Ra Pharma is developing RA101495 for paroxysmal nocturnal hemoglobinuria (PNH), refractory generalized myasthenia gravis (rMG), and lupus nephritis (LN). The product is designed for convenient, subcutaneous self-administration. RA101495 is a synthetic, macrocyclic peptide discovered using Ra Pharma’s powerful proprietary drug discovery technology. The peptide binds complement C5 with subnanomolar affinity and allosterically inhibits its cleavage into C5a and C5b upon activation of the classical, alternative or lectin pathways. RA101495 also directly binds to C5b, disrupting the interaction between C5b and C6 and preventing assembly of the membrane attack complex (MAC). This activity defines an additional and novel mechanism for the inhibition of C5 function. In Phase 1 studies, dosing of RA101495 was well tolerated in healthy volunteers and demonstrated sustained and near complete suppression of hemolysis and complement activity.

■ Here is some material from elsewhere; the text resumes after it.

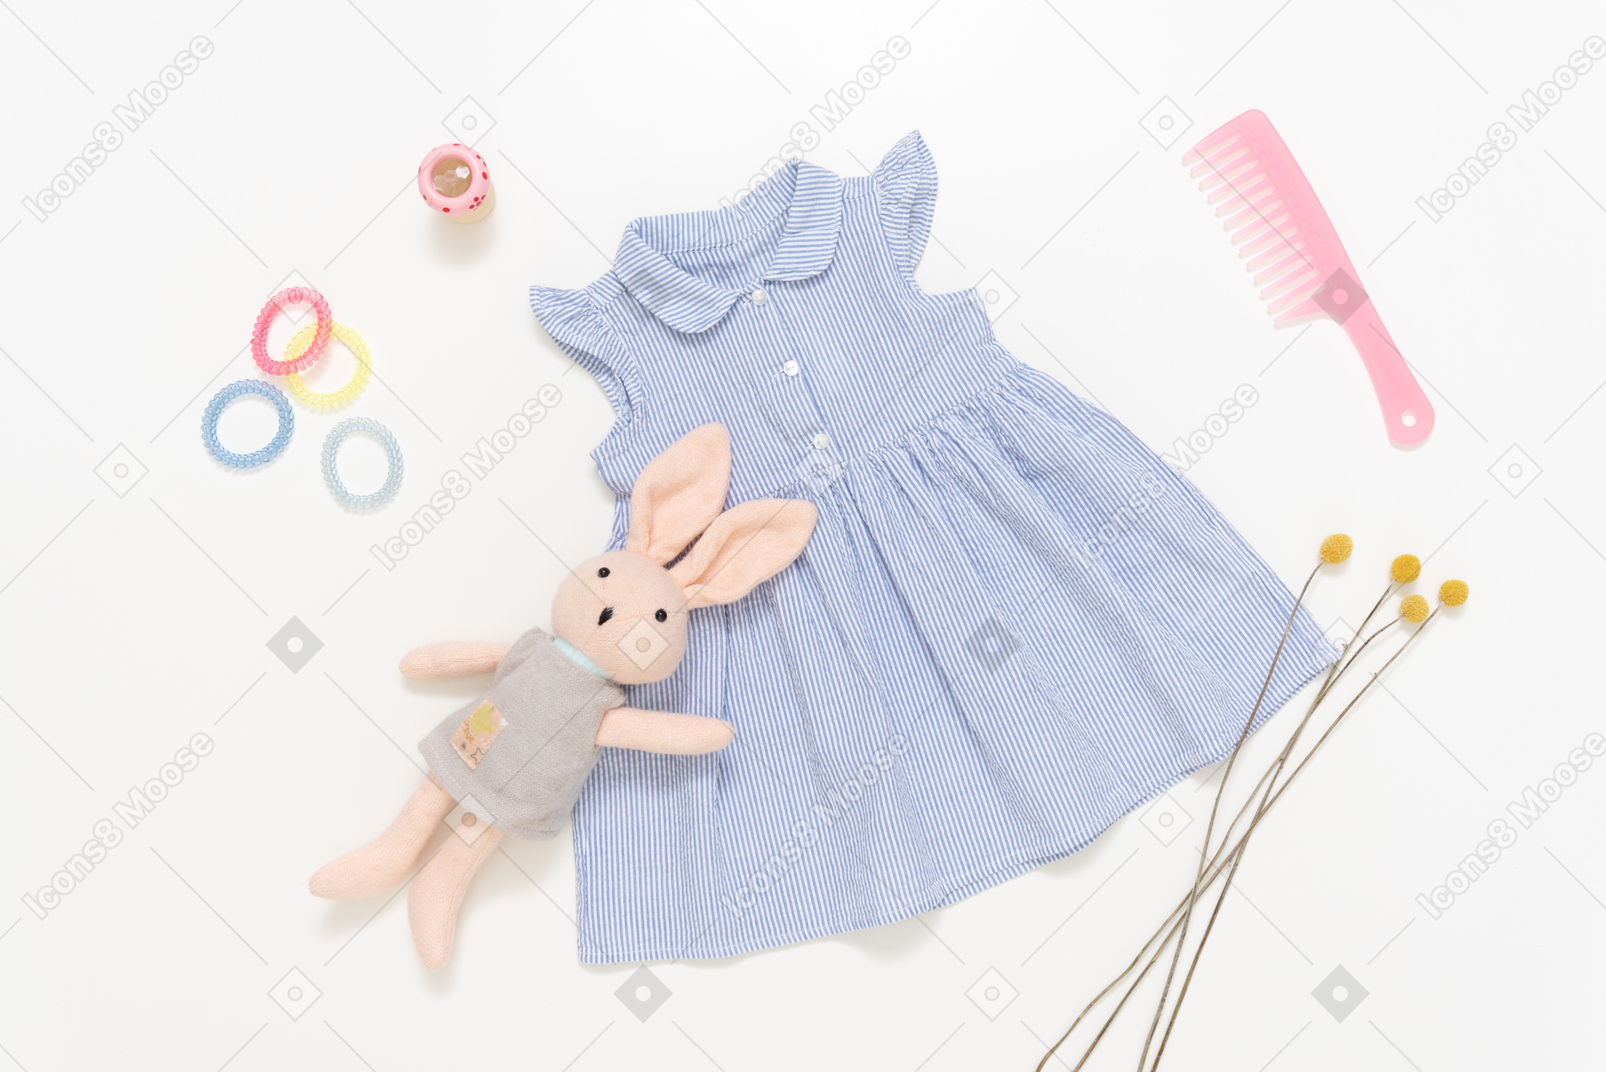 Blaues kleid des kindermädchens, angefülltes spielzeug, rosafarbene plastikhaarbürste und zusätze
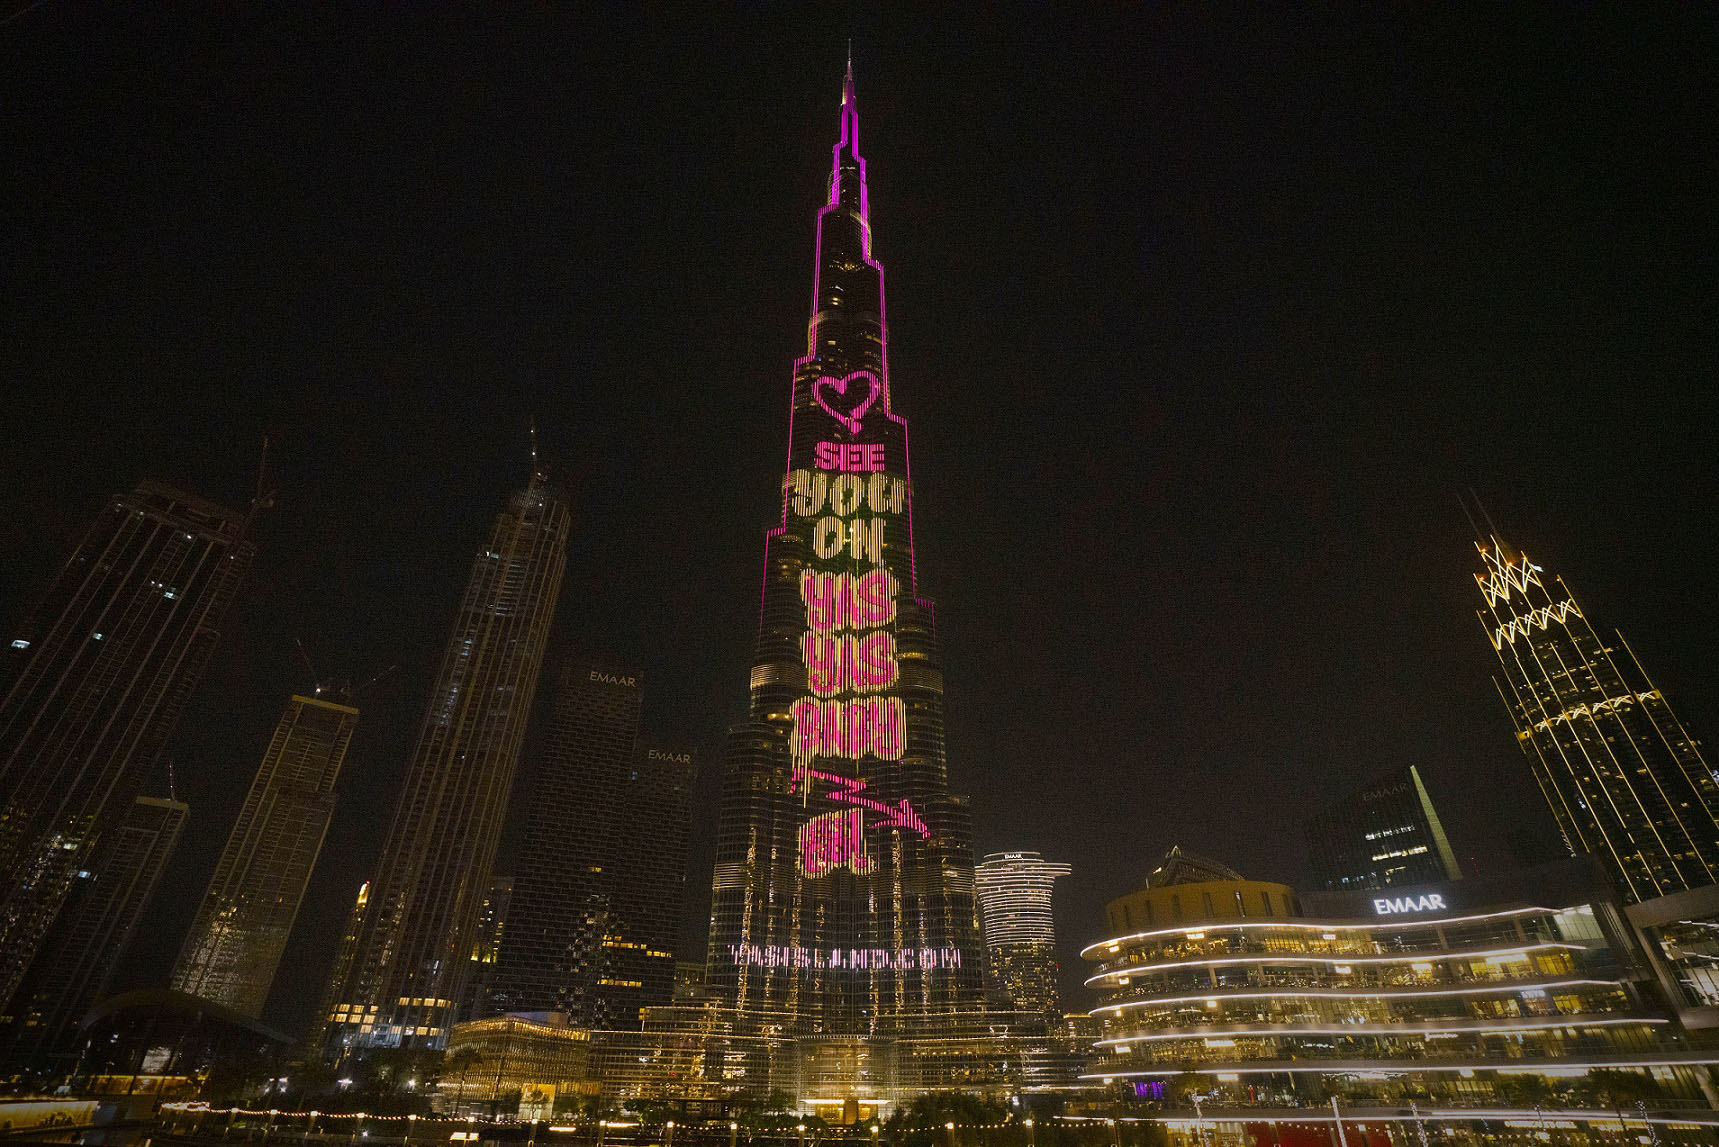 جزيرة ياس تقدم «أكبر عرض كاريوكي في العالم» على برج خليفة بأغنية «ياس ياس بيبي» - الاقتصادي

About the Extreme Diversity™ Platform
Ra Pharma’s proprietary Extreme Diversity™ mRNA display platform allows us to produce synthetic macrocyclic peptides that combine the diversity and specificity of antibodies with the pharmacological properties of small molecules. The platform generates highly specific and stable peptide-like molecules with the potential for greatly increased bioavailability, improved cell permeability, and the opportunity to address protein-protein interactions including previously undruggable targets. It can produce libraries of 10 to 100 trillion members, allowing for the rapid discovery of highly potent candidate molecules. The platform is being leveraged for our emerging pipeline projects in Factor D and C1.
About Ra Pharmaceuticals
Ra Pharmaceuticals is a clinical stage biopharmaceutical company focusing on the development of next-generation therapeutics for complement-mediated diseases. The Company discovers and develops peptides and small molecules to target key components of the complement cascade. For more information, please visit: www.rapharma.com.
Forward Looking Statement
This press release contains "forward-looking statements" within the meaning of the Private Securities Litigation Reform Act of 1995, including, but not limited to, statements regarding the safety, efficacy and regulatory and clinical progress of our product candidates, including RA101495. All such forward-looking statements are based on management's current expectations of future events and are subject to a number of risks and uncertainties that could cause actual results to differ materially and adversely from those set forth in or implied by such forward-looking statements. These risks and uncertainties include the risks that Ra Pharma’s product candidates, including RA101495, will not successfully be developed or commercialized; as well as the other factors discussed in the “Risk Factors” section in Ra Pharma’s most recently filed Quarterly Report on Form 10-Q, as well as other risks detailed in Ra Pharma’s subsequent filings with the Securities and Exchange Commission. There can be no assurance that the actual results or developments anticipated by Ra Pharma will be realized or, even if substantially realized, that they will have the expected consequences to, or effects on, Ra Pharma. All information in this press release is as of the date of the release, and Ra Pharma undertakes no duty to update this information unless required by law.